There is much to be said for and against this rule on both sides. A broader method to the lawyer seems shockingly loose and slipshod. The rules of evidence to the bystander seem an inhuman farce. The first allows an atmosphere to be created from which the whole truth may be reached. Would not an ordinary person, if he wanted to find out about the accident, read the newspapers, find out the police reports, ask what a witness thought, what that witness told someone else about the accident afterward? Is she not now giving someone an account of the accident?
Psychologists agree that no one can accurately narrate their perceptions and what happens before their eyes. Moreover, the tests performed on school and college graduates in regard to their powers of observation have shown the fallibility of human perception. The failure to perceive, plus the failure to remember, plus inadequacy of language, makes all testimony unsatisfactory. People of little education are still less able to either see or explain. The only safe way is to obtain a composite photograph of the witness's mind and of the thoughts that arise from the original perception, a continuation of impressions.
Judges or juries never determine cases by first deciding which witness is telling the truth or at least the exact truth. They take it for granted that both sides are lying somewhat; that no matter how well they mean and how hard they try, all witnesses are incapable of telling the exact truth. The unfortunate part of the law is that this is not officially recognized. There is a hypocrisy in not recognizing the inadequacy of human eyes and ears to grasp even simple concrete facts. A timidity exists that will not allow the admission of human imperfection.
The proof of this is that when three witnesses go on the stand and describe a thing as having happened in the same way, immediately there is a strong doubt in the mind of the jury about the whole case. Suppose the question of the time a crime was committed arises and the defense tries to prove an alibi by showing the defendant was in a saloon at that time. There may have been three witnesses who really saw him at the same time. One witness comes on the stand and says 3:10, the next witness says he saw him at 3:10, and third says the same. The jury conclude that the story has been made up.
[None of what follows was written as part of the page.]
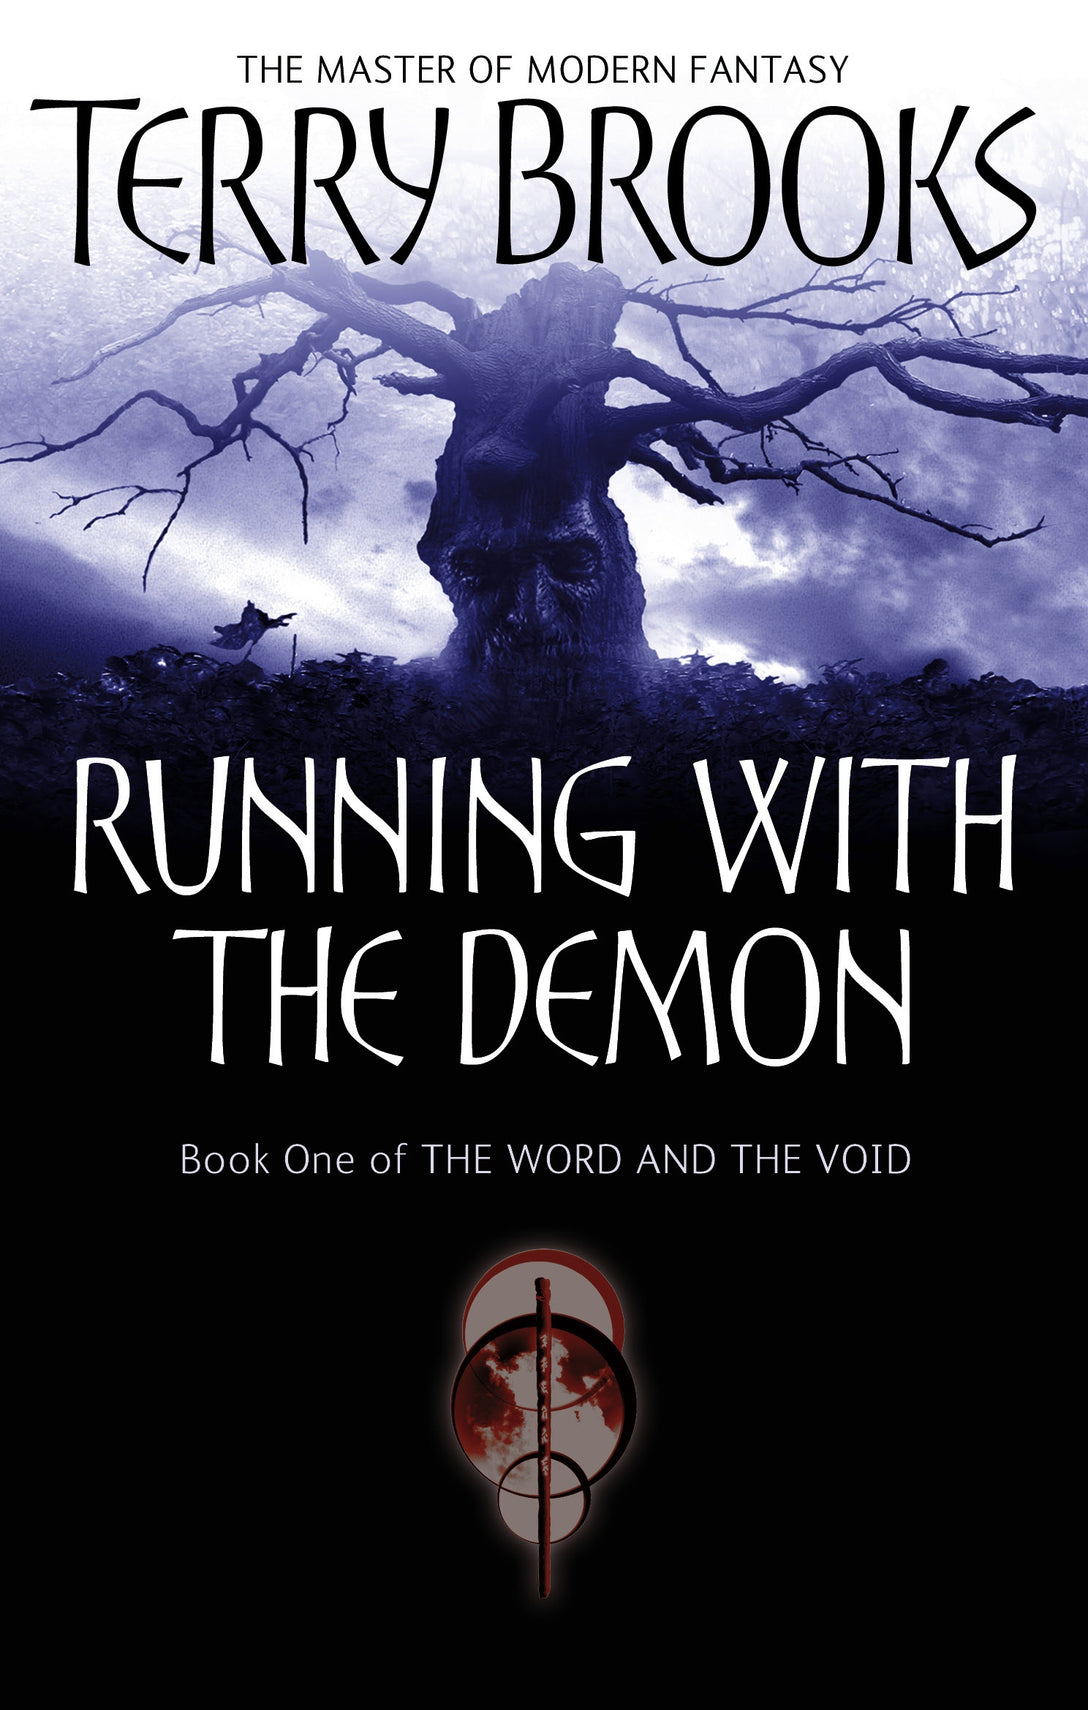 Running With The Demon by Terry Brooks

Yet suppose the first witness says he saw him sometime after lunch, and the second that he remembers seeing the defendant in the saloon sometime that day, but he is not sure whether it was in the morning or the afternoon, and the third witness says that he saw him during the week, but that he does not remember the day, whether a Thursday or a Friday—it is probable that the defendant will have a much better chance of succeeding with his alibi.
The lady in the car could not remember the time of the day, except that it was near the children's bed time. She had heard the crash and seen the wagon turn on to the car tracks. With a great many objections she finally gets to the point of the crash.
"Did you see the car hit the wagon?" "I object to that as leading," says the other lawyer. "It is leading and suggestive." Technically he may be correct, but if the judge has common sense he overrules the objection.
The proper question would be: "What happened next?" The witness, however, might remember the paper bag of oranges she was carrying to her grandchildren and instead of telling about the accident begin to describe how she dropped them on the floor. Leading questions are necessary in nearly every case. The reason that they are objectionable and ruled out is, that the judge and the jury ought to hear not the lawyer's narrative of the facts, but what the witness actually remembers.
A witness on the stand appears at his worst. If any one from real life were suddenly thrust unprepared and unlearned in theatrical art upon a stage the incongruity of the situation would be appalling. Yet the witness is thrown into new and strange surroundings. It is a portion of the reality of life shown vividly against a conventionalized background. The judge and jury in a vague manner understand this. The lawyer producing the witness feels this and elicits the testimony in a soothing manner.
The objects of cross-examination are as follows. The first is to prove that the story of the witness is not true, and the other is to bring out something new. The opposing counsel often forgets the purpose of his cross-examination and by attempting to bully and frighten the witness, usually either by sarcasm or a doubting manner, accomplishes very little. Not one cross-examination out of five hundred amounts to anything. The judge has heard many and he has little hope of their being of much interest. The jury make so much allowance for the witness being frightened on the stand and for the fact that she is in the hands of a clever lawyer, that they are not much impressed even if she contradicts herself or is proved mistaken. At best it is only a mistake, not a deliberate lie. The lawyer thinks he owes a moral obligation to his client and to himself to cross-examine. He is compelled to go on. There is a musty tradition of the law that a trial without cross-examination is not a proper trial. It is a legal fetish and one of the things that is done. The judge expects it, the jury expect it, the client expects it and the public.